In a recent speech, CFPB Director Richard Cordray gave his views that the law specifies that the CFPB generally does not have jurisdiction over auto dealers and their practices, but the CFPB does have jurisdiction over the largest auto lenders and their lending programs. Director Cordray reminded the audience that the CFPB had issued a bulletin to clarify the boundaries of the CFPB’s authority over auto lending and to provide guidance to indirect auto lenders about compliance with the law.
Director Cordray noted that lender mark-up policies, which allow dealers to exercise discretion over the interest rates they charge consumers and provide direct financial incentives for charging higher prices, may lead to fair lending violations. His belief is that when lenders provide this type of discretion and incentives the CFPB believes it creates significant risk of illegal pricing disparities based on factors like race or national origin.

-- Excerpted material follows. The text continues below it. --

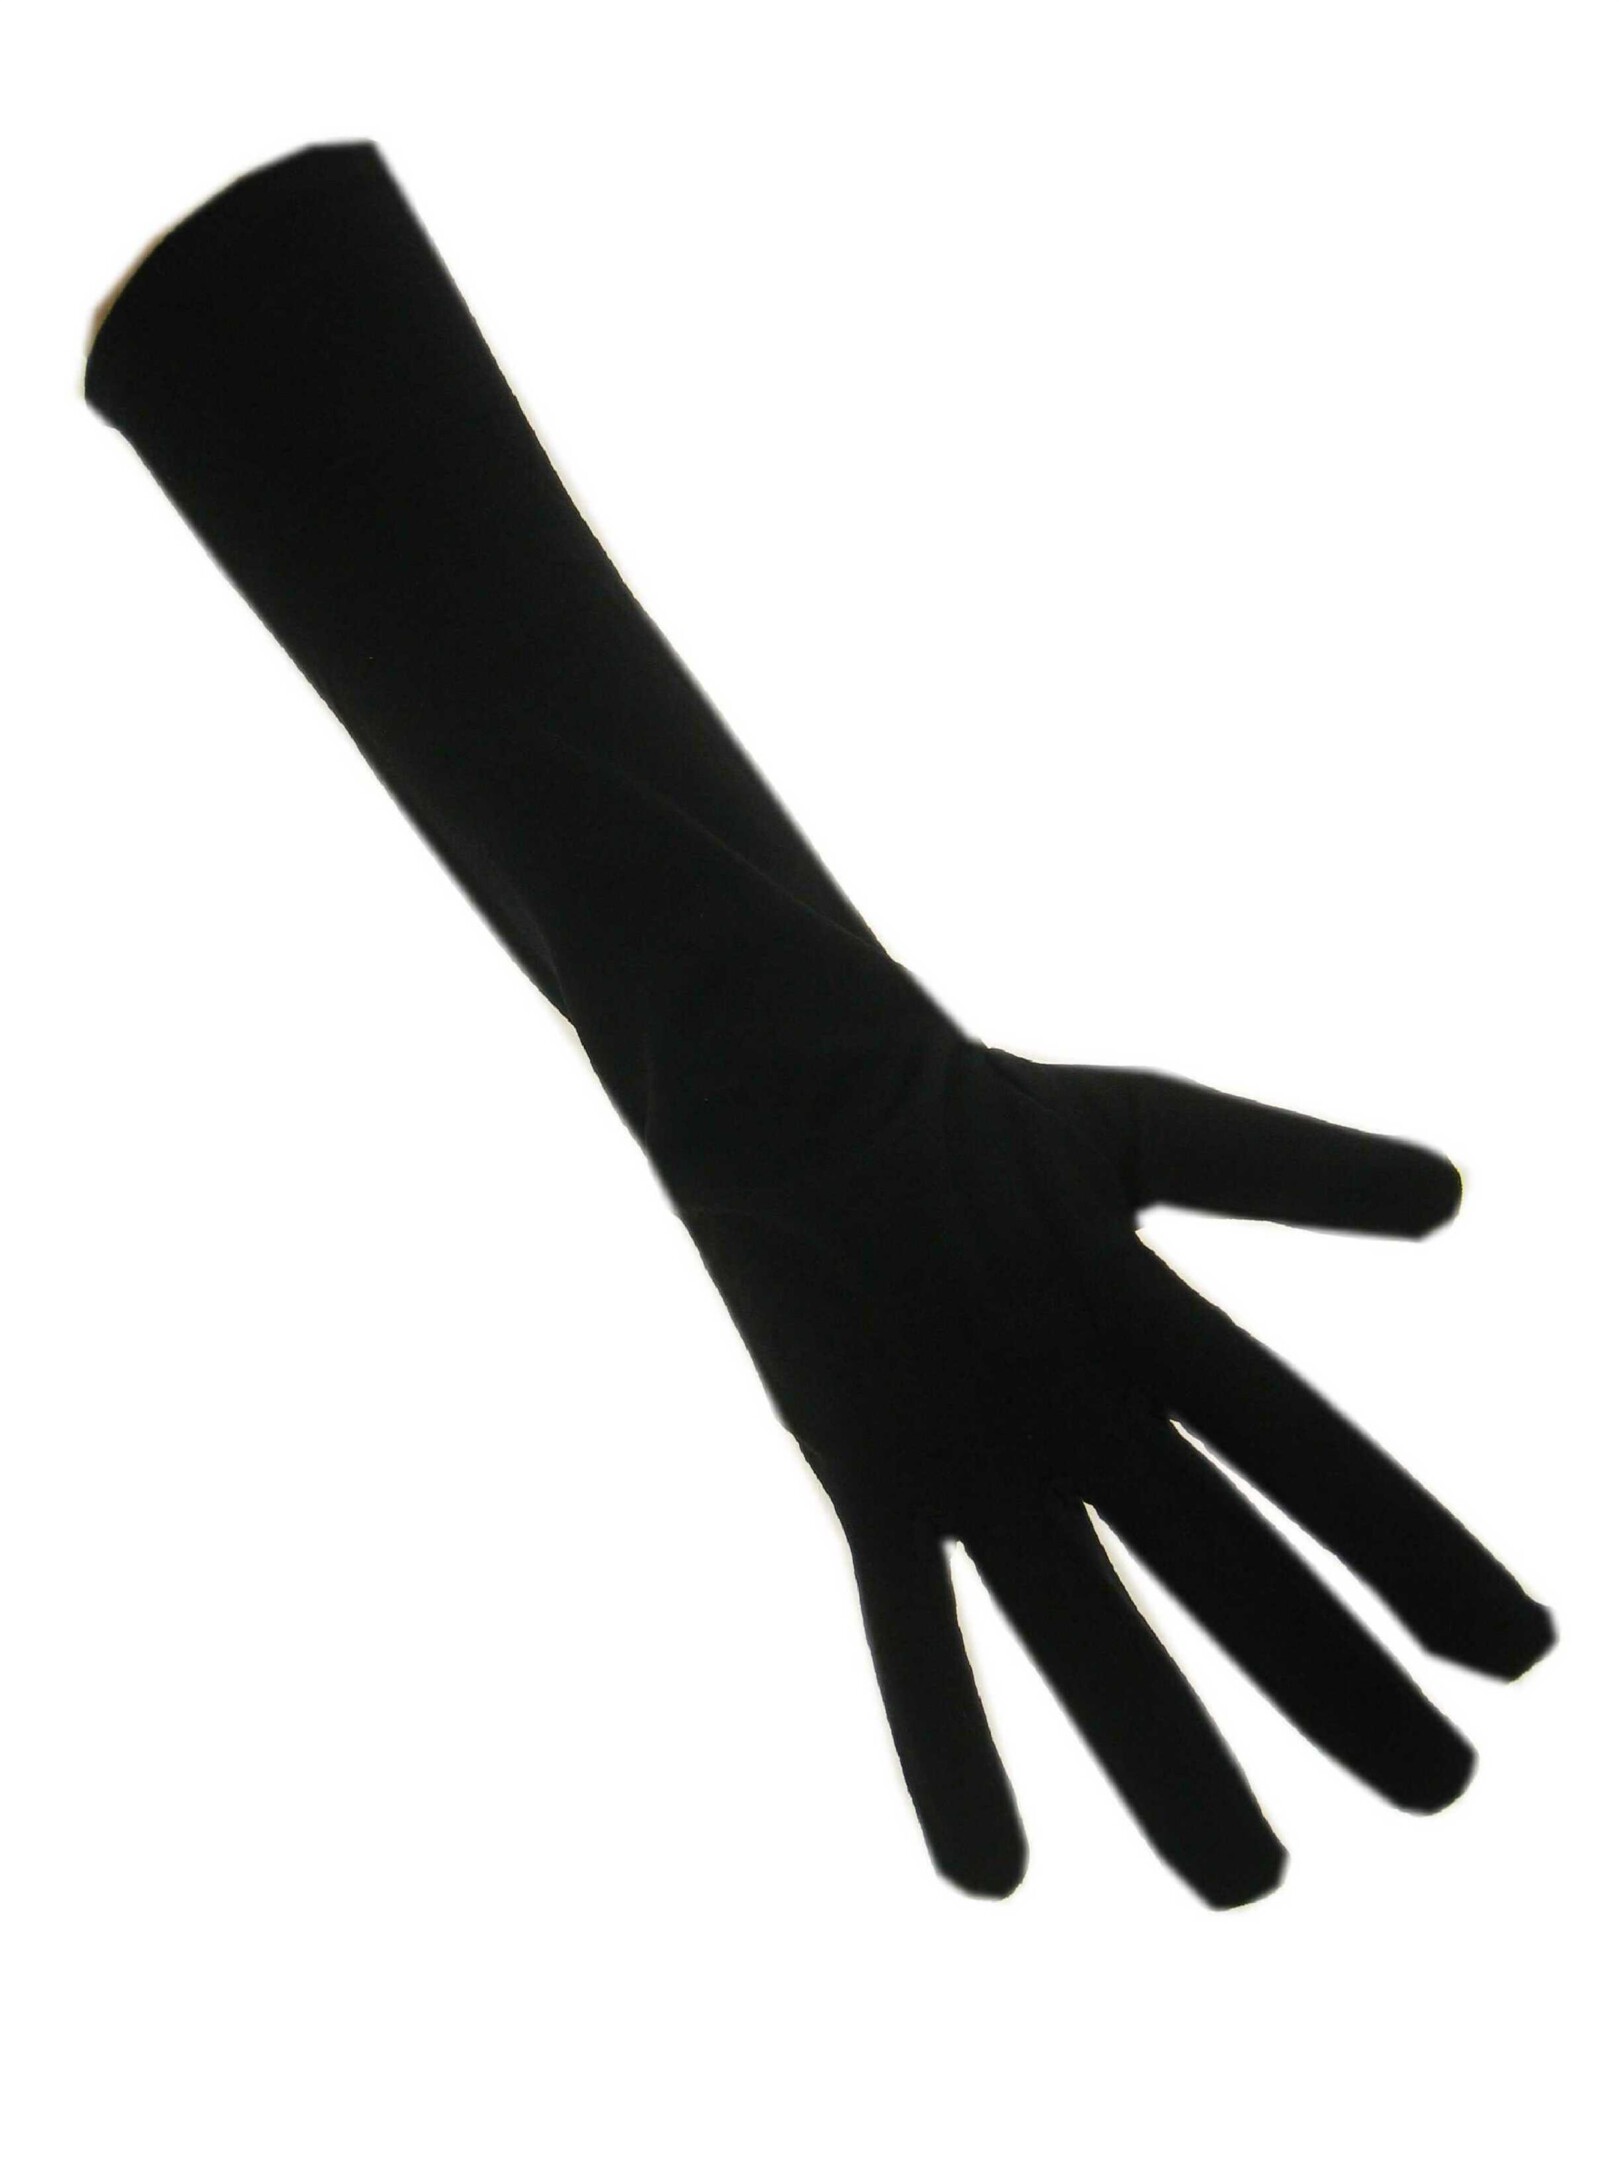 Handschoenen stretch zwart luxe nylon 40 cm. (Piet)

Director Cordray discussed steps auto lenders might consider taking to ensure they are in compliance with the Equal Credit Opportunity Act and Regulation B. One approach is to develop robust fair lending compliance management systems to monitor for disparate impact and promptly remedy consumer harm on an ongoing basis when it is identified. He noted the bulletin also stated that lenders could take steps to comply with the law by adopting some other pricing mechanism that fairly compensates dealers for their work but avoids the fair lending risks that are inherent in pricing by discretionary markup.
According to Director Cordray, there may be several such mechanisms that would work in practice: a flat fee per transaction, or a fixed percentage of the amount financed, or other nondiscretionary approaches that market participants may devise that would work to address these concerns. The precise details of any such approach bear further analysis, but the central points are twofold. First, Director Cordray noted the CFPB recognizes that auto dealers play a valuable role in much auto lending that occurs in this country, and they deserve to be compensated fairly for the work they do. Second, he also offered that the CFPB is aware that the structure of indirect auto lending programs can greatly affect the risks of discrimination that harms consumers and violates the law.